For wealth management relationships at Swiss private banks — where the bank is providing investment advice and portfolio management — the answer is effectively yes. A Swiss bank that provides investment advice to a US resident without registering as an investment adviser with the SEC is operating in violation of US securities law. Vontobel (through Vontobel SFA, which absorbed UBS Swiss Financial Advisers in August 2022) and Pictet have each established dedicated SEC-registered advisory entities specifically to serve US clients legally. Vontobel SFA is now the largest Swiss-domiciled wealth manager for US clients, with UBS USA referring its US clients seeking Swiss diversification exclusively to Vontobel SFA. For a purely transactional account — holding cash, making payments, no investment advice — the SEC registration requirement doesn’t strictly apply, which is why PostFinance can serve US expats in Switzerland for basic banking purposes. For anything involving investment services, portfolio management, or financial planning advice, ensure the Swiss institution or adviser is SEC-registered before proceeding.

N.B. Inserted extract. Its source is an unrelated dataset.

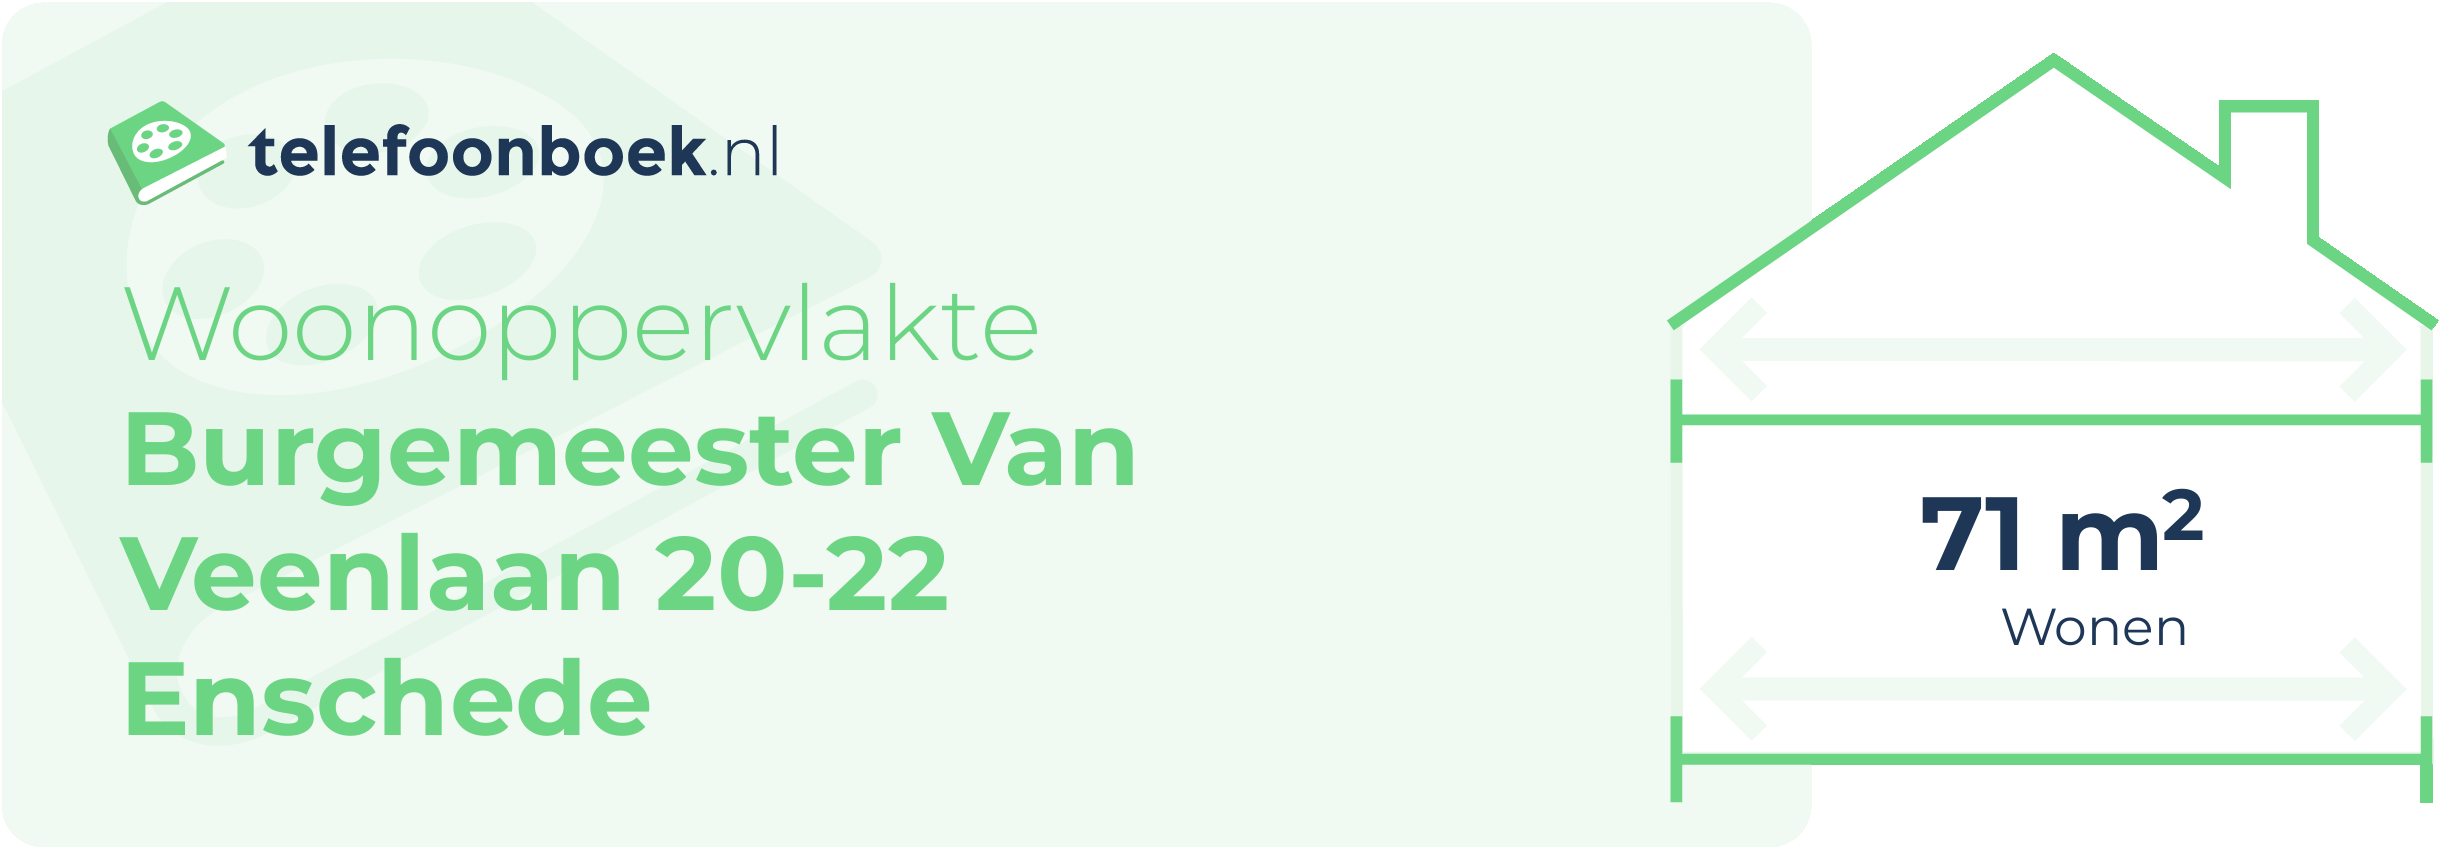 Woonoppervlakte Burgemeester Van Veenlaan 20-22 Enschede

The US-Switzerland Double Taxation Agreement (1996, last updated 2010) reduces Swiss withholding tax on certain Swiss-source income paid to US persons. Swiss dividends normally attract 35% withholding at source; under the treaty, this is reduced to 15% for portfolio dividends (or 5% if the US shareholder holds at least 10% of the Swiss company). Swiss interest payments are reduced from 35% to 0% or 5% depending on the type. Capital gains on purely financial assets (stocks, bonds) are generally taxed in the country of residence — meaning a US resident’s gains on Swiss securities are taxable in the US, not Switzerland. The treaty provides a credit mechanism to avoid double taxation. Importantly, the treaty does not exempt US persons from FBAR, Form 8938, PFIC reporting, or any of the IRS filing obligations that apply to foreign accounts — those are domestic US law obligations that operate regardless of any tax treaty.
Disclaimer: This article is for general informational purposes only and does not constitute tax, financial, or legal advice. US tax law — including FATCA, FBAR, PFIC rules, and treaty provisions — is complex and changes frequently. Swiss bank acceptance policies, minimum thresholds, and SEC registration status should be verified directly with each institution. FBAR and Form 8938 thresholds cited are for illustrative purposes — verify current thresholds with a qualified US tax professional. Always consult a licensed US tax adviser or CPA with international experience before opening a foreign bank account. Easy Global Banking provides no financial or tax services and accepts no liability for decisions made based on this content.